Neither of us wanted to go. We’d been up late the night before, dealing with my dad, and were brittle with exhaustion. But when we got off work we trailed her to the bus stop anyway.

It was late August and the vibe among us was as suffocating as the weather. When we got off the bus we didn’t go to her parents’ house. She led us through campus instead, past university buildings and green spaces so verdant they felt sinister, to a Disneyland downtown of shops.

We stopped in front of one of those Clark and Belmont–type places where wannabe witches shopped: blown glass pipes and cheap fetishwear, jewelry embedded with fake lapis or mother of pearl. It had the dorkiest name—’Twixt and ’Tween—and I felt embarrassed going inside, because the cool record shop boys from next door were on the pavement having a cigarette.

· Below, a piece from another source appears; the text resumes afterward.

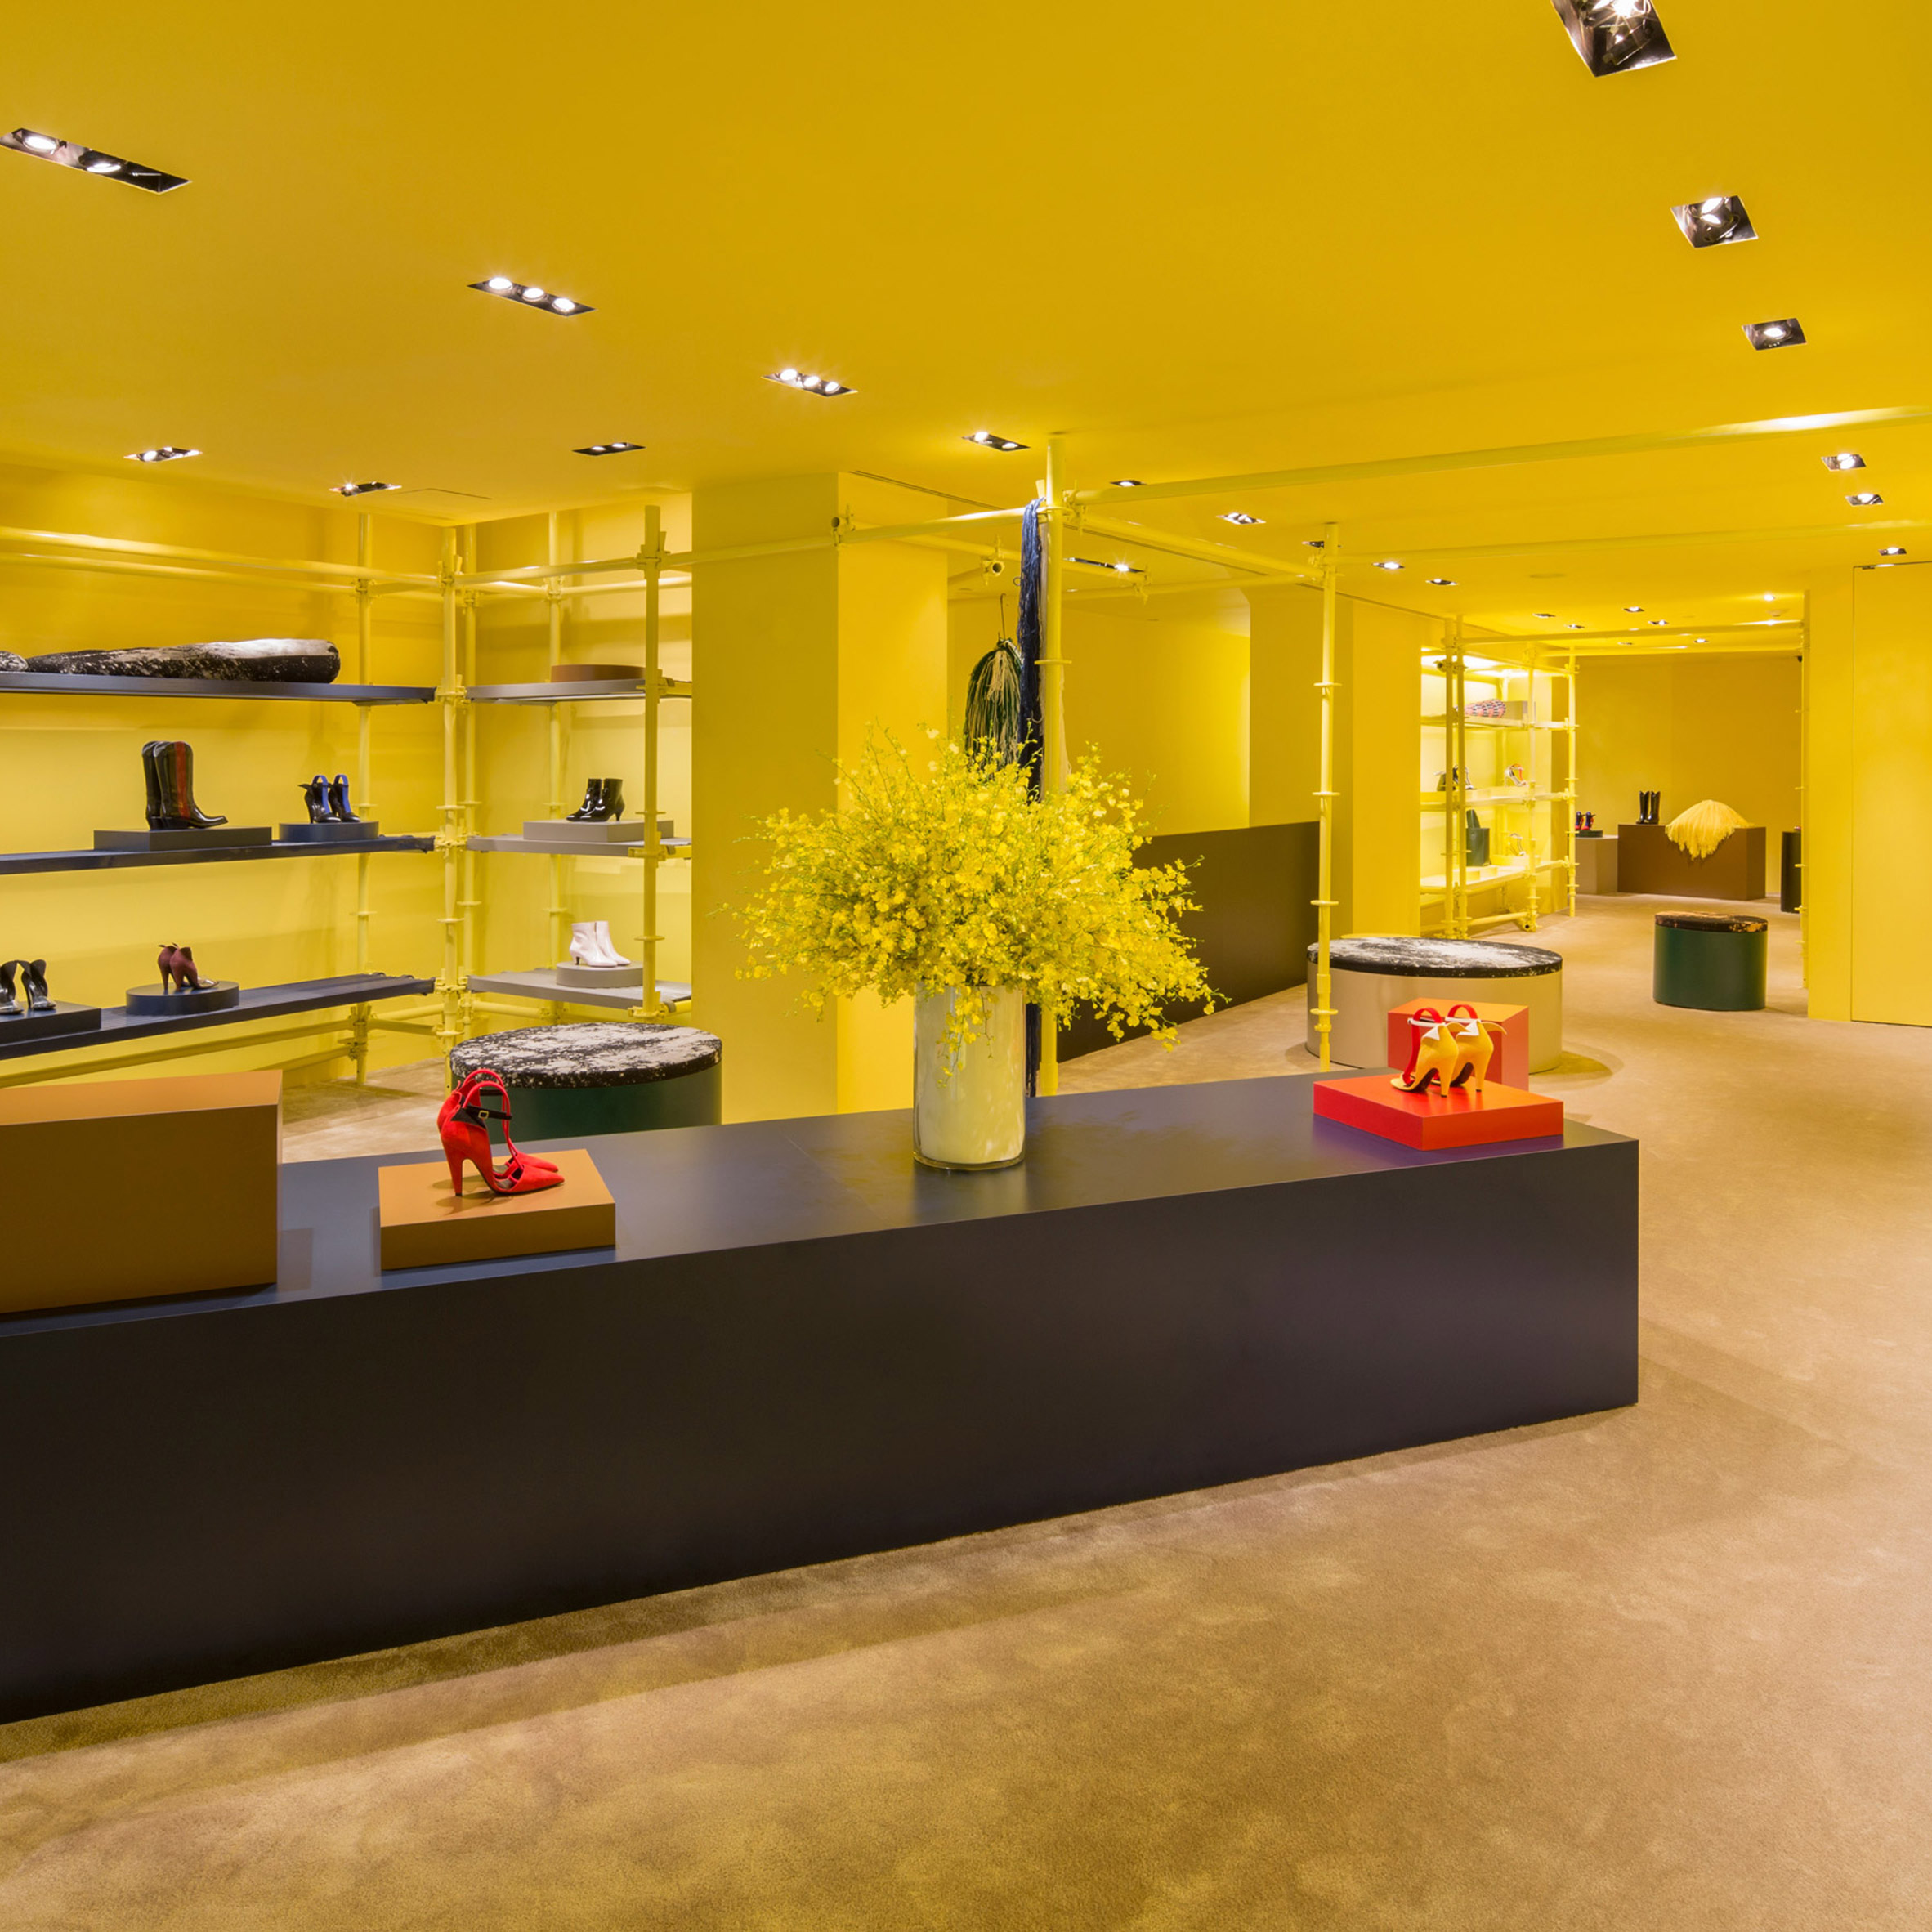 Calvin Klein Lifestyle Store  Area-17 Architecture and Interiors

The shop smelled like sandalwood and was stuffed with stuff, one-hitters and hesher tees and tie-dyed wall hangings. Then a woman came out from the back and wrapped Marion in her arms. “Hey, pretty girl.”

She was a white woman in her late twenties, I’d guess, but she vibed like an old punk. Her skin was sunbaked hardpan, her eyes a quartz blue. She had a dandelion of black hair and triangles and stars tattooed over the backs of her hands. She didn’t look at Fee or me. Still holding Marion, she said, “Did you bring the book?”

Fee and I glanced narrowly at each other as Marion fished around in her bag, then took out the occultist’s book. The woman laughed softly, hands up like Marion might give it to her. When she didn’t, the woman finally looked at me and Fee.

“So this is your coven.”

I ticked my chin at her. “Who’s she? Why are we in her crappy store?”

The woman laughed again, but Marion tensed. The cords in her neck were unnerving. “This is Sharon. She’s another practitioner.”

“You can say witch, honey.” Sharon tongued her lip ring. “It’s not a bad word.”

“It’s limiting, though,” Marion said earnestly. Always so humorless around magic, all her borders down. “We’re more than that. I want to be more than that. Don’t you?”